--- Available data Enclosed Below ---
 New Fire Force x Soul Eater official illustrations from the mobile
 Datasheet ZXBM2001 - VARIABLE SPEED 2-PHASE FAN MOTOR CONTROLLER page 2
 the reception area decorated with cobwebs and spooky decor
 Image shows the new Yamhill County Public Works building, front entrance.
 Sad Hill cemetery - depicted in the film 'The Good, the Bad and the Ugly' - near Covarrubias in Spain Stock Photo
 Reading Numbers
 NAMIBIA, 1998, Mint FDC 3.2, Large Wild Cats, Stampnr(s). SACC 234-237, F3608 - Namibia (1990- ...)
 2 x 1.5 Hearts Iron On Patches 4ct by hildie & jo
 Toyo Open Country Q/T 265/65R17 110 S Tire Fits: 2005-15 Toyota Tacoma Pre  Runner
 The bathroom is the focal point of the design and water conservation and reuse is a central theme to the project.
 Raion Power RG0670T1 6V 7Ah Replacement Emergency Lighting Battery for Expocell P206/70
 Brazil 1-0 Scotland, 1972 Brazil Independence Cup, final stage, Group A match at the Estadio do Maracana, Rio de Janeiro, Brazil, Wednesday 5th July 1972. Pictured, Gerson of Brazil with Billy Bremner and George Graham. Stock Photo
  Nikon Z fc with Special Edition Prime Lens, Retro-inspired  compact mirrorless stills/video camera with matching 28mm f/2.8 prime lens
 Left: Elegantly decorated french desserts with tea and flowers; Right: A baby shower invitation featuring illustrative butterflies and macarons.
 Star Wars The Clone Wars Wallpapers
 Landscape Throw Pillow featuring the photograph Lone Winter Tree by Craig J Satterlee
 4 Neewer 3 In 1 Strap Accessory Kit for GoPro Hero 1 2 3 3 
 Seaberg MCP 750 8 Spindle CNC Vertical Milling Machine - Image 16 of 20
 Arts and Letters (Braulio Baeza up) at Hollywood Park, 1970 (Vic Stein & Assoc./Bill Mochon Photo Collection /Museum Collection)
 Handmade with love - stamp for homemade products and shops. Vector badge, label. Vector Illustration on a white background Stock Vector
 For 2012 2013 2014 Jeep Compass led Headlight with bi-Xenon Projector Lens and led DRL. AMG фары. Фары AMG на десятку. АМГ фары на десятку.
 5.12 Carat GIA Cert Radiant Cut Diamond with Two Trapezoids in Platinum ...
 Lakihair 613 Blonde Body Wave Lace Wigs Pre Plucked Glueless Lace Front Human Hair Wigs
--- End of Enclosed Available data ---
Problem details: What lines of the listing above hold "featuring"? Copy all of them.

Solution to the exercise:
 Left: Elegantly decorated french desserts with tea and flowers; Right: A baby shower invitation featuring illustrative butterflies and macarons.
 Landscape Throw Pillow featuring the photograph Lone Winter Tree by Craig J Satterlee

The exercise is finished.